The task » When you reach the line containing "Draft Planning Policy Statement", start transcribing exactly and continue through the last line of the data, skipping every picture.

Available data »

##########

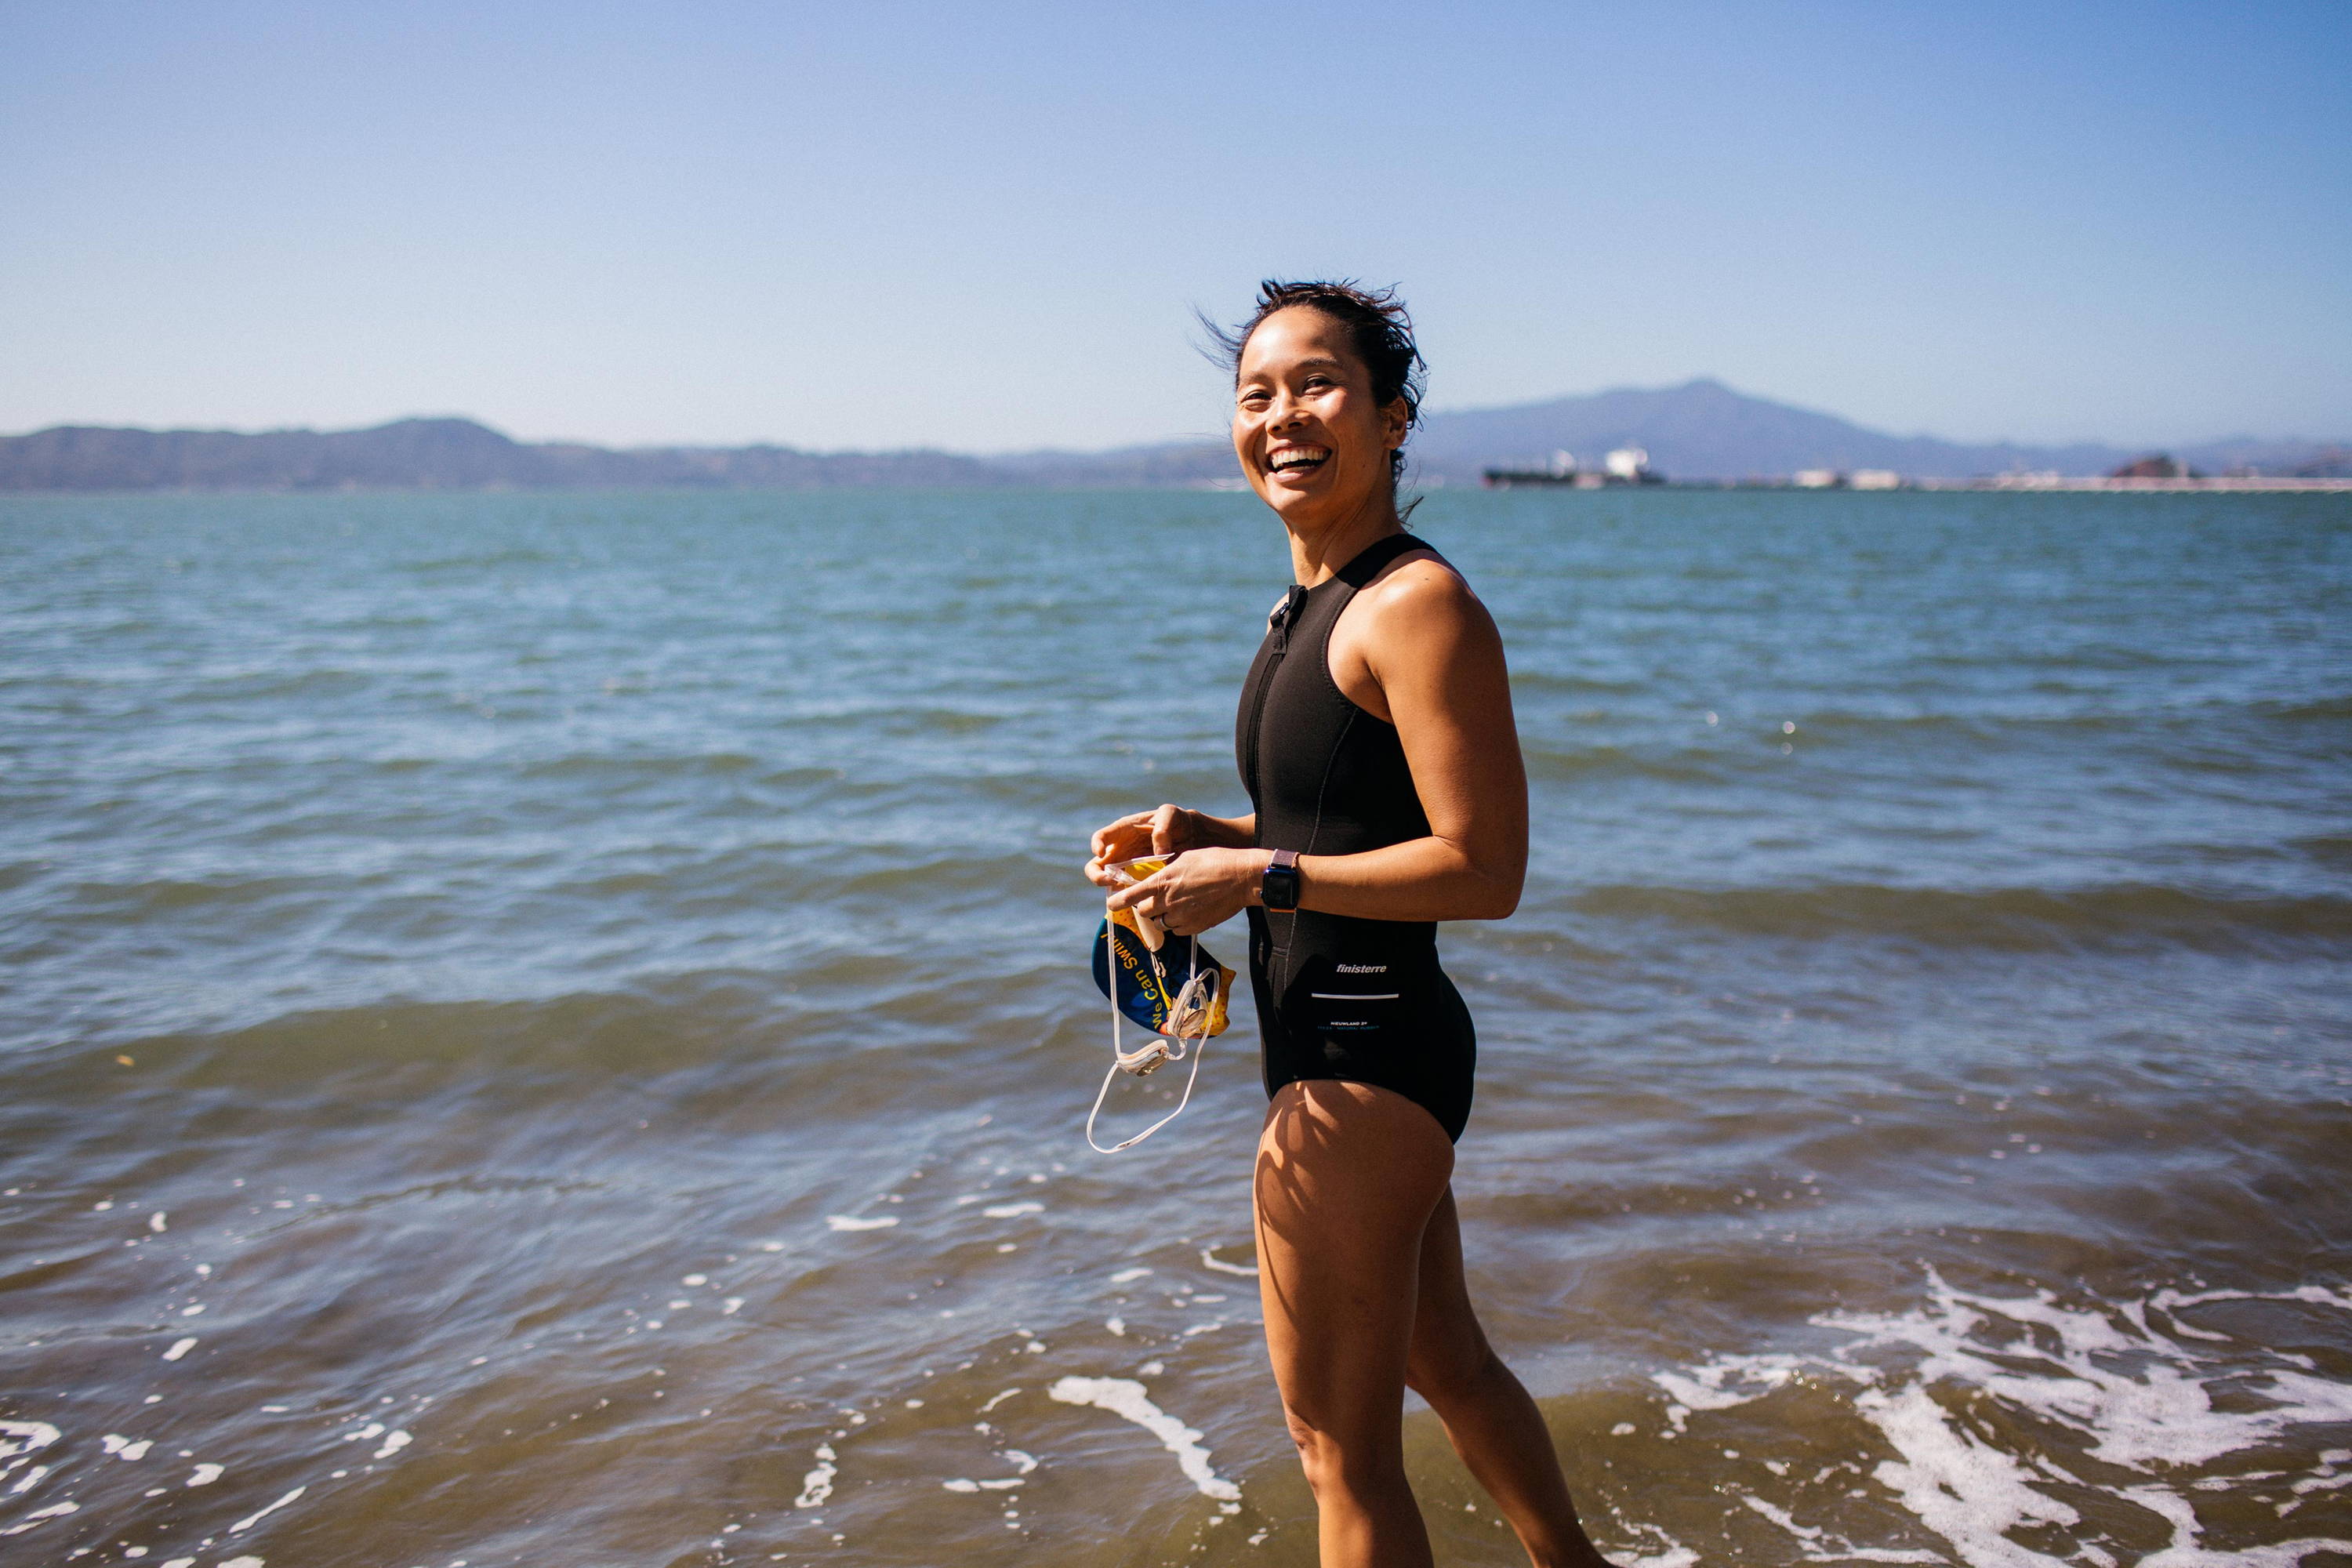 The Author, Bonnie Tsui, Preparing to enter the waters of San Francisco Bay
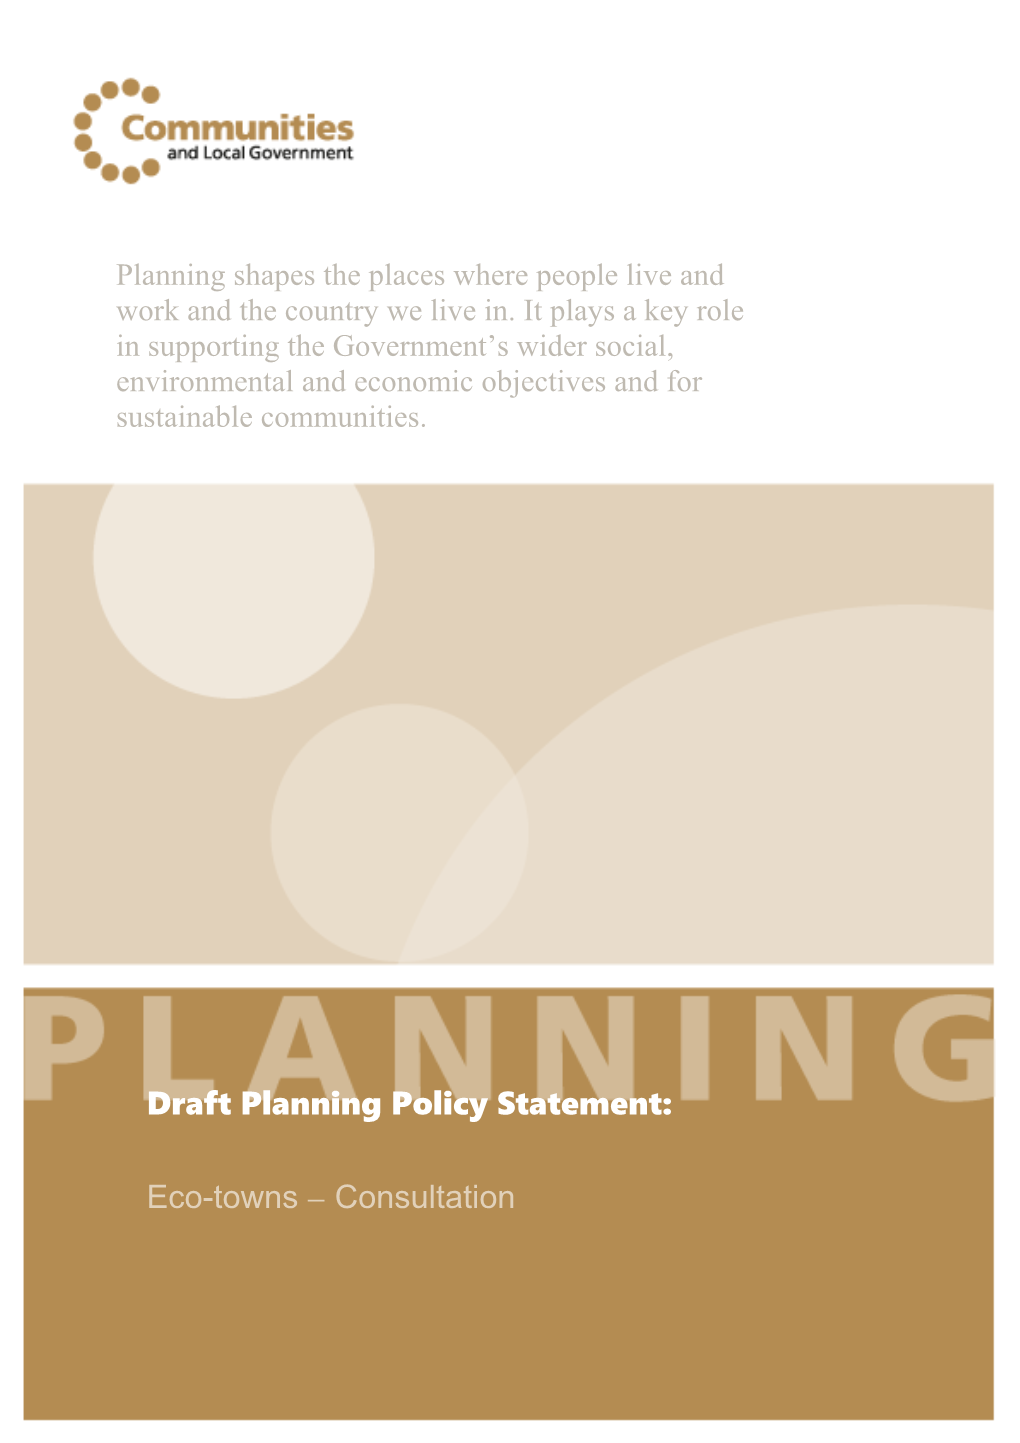 Draft Planning Policy Statement
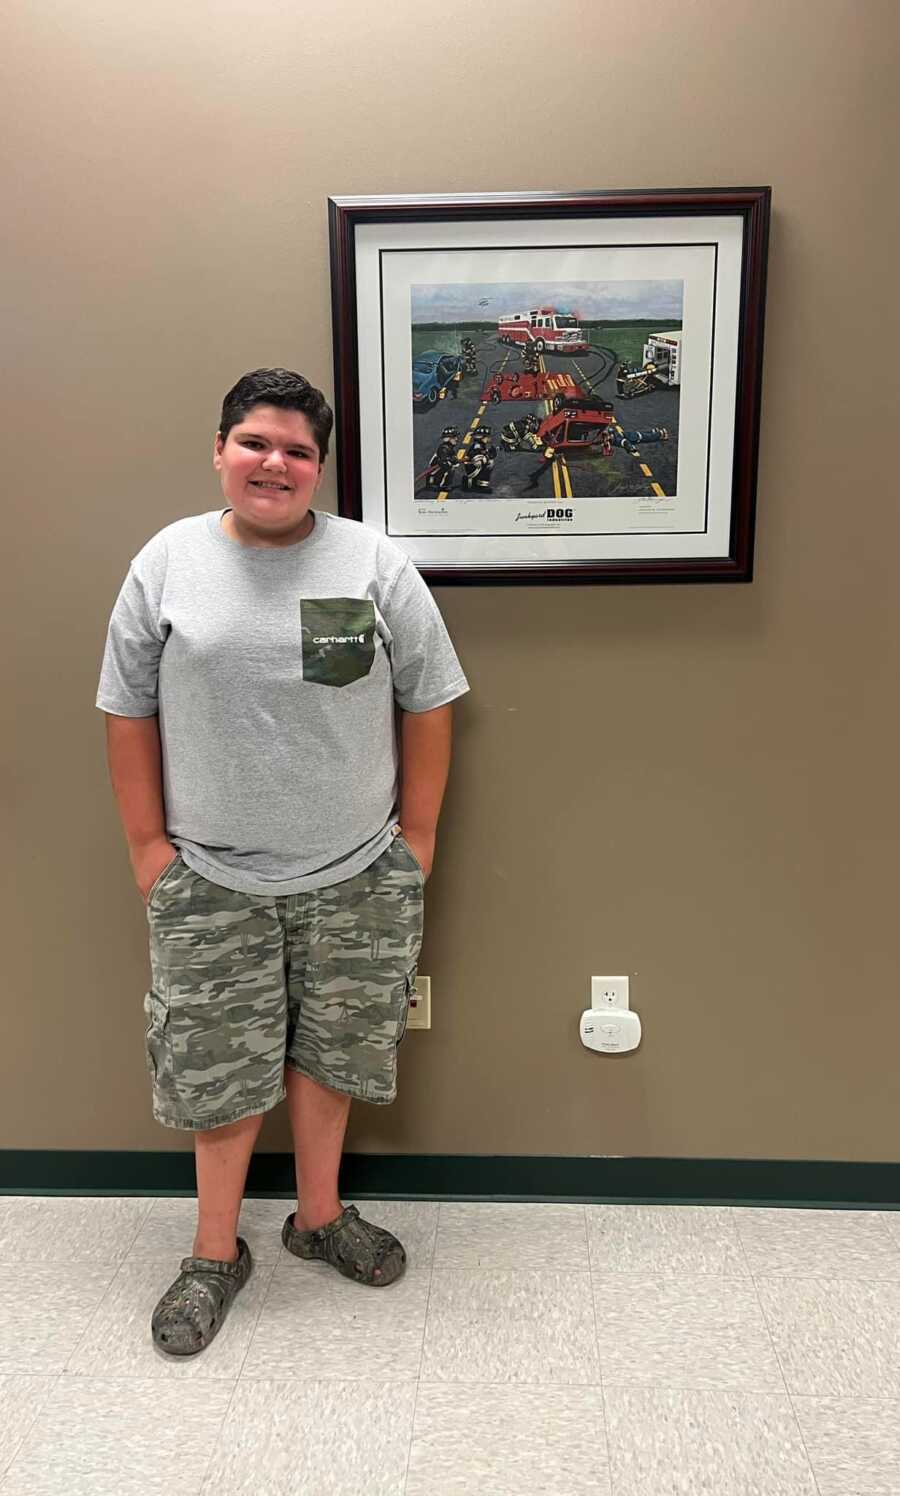 Autistic son standing by framed football photo wearing camouflage shorts and grey shirt

##########

Response »
 Draft Planning Policy Statement
 Autistic son standing by framed football photo wearing camouflage shorts and grey shirt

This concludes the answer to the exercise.